Breezy Does It: Despite swapping class tensions for racial ones, Sabrina is charming.

A 60-year-old romantic comedy, to open the season at one of the city’s landmark theaters? Yawn, you might be thinking. But you’d be wrong: Sabrina Fair is no heavyweight show, and the production’s one innovation—the casting of black actors as characters once divided from the others by class—ends up feeling somewhat less than revolutionary. But Stephen Rayne’s production is charming, damn it, fleet of foot and light of touch, and charm is such an elusive quality onstage that what’s happening at Ford’s must be cheerfully celebrated.

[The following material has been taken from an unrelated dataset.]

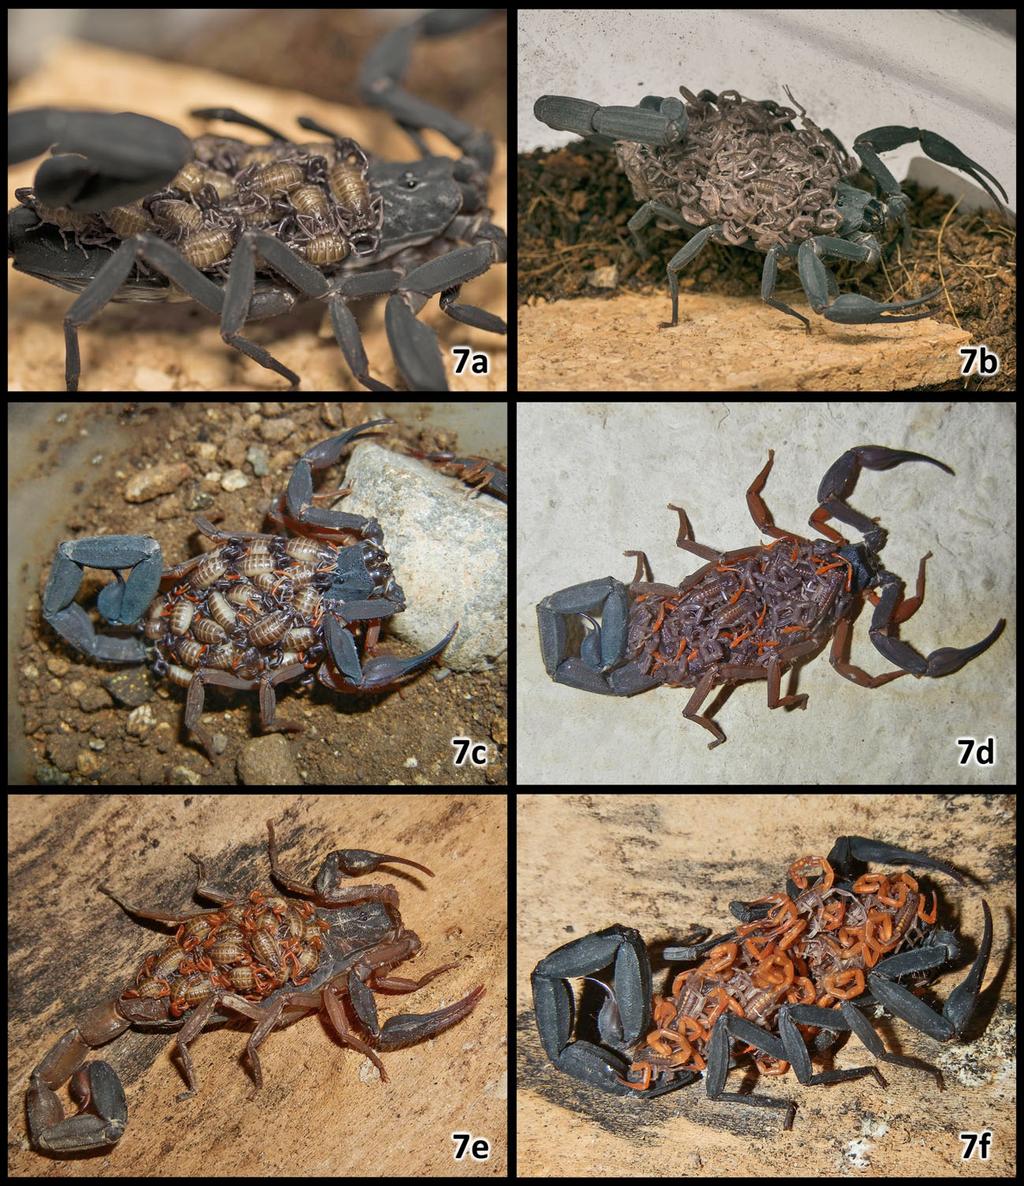 10 Euscorpius 2017, No. 252 Figure 7: Comparison of live females and their litters, photographed in captivity: a b) Centruroides caribbeanus sp. n.

As in the much-loved 1954 film with Audrey Hepburn, a once-shy chauffeur’s daughter returns after a Paris education to the gracious Long Island estate where she grew up over the garage, a favorite but peripheral figure in the lives of the immensely wealthy Larrabee family. Her father, a bookish sort who values the long hours he spends waiting in the Rolls with Suetonius or some other classic, notes dubiously that she’s changed in her five years away—she’s brought home not just a new sense of style, but a new sense of herself, too. It’s playboy David Larrabee (an affable Tom Story) and his hard-charging businessman brother Linus (gruff, magnetic Todd Gearhart), however, who really find themselves taken aback by her transformation: Sabrina (a pert, mercurial Susan Heyward) has figured out, or nearly, what terms she wants to live on. One of the men hasn’t quite managed that trick, while one has but doesn’t know how to square it with a partner, and the evening’s minuet will of course be about which one will propose, which one she’ll accept, and how they’ll make it work over everyone’s objections. Taylor’s script is breezy and crisp and smarter than much of what passes for light romance, and the airy, elegant production—chic costumes by Wade Laboissonniere, an imposing yet welcoming set by Daniel Lee Conway, all of it lit artfully by Pat Collins—frames warm and knowing performances from a supporting cast: Helen Hedman and John Dow as the senior Larrabees, Kimberly Schraf as a weary-adventurer aunt with a sharp eye and big heart, Craig Wallace as Sabrina’s fond, stern father, Donna Migliaccio brisk and amusing as a housekeeper who knows both her place and how to make mischief for the mistress. It all adds up to one of the glossiest, best-unified, most effortless entertainments seen for some while hereabouts; that it’s got real heart, to boot, makes it pretty much a winner on all fronts.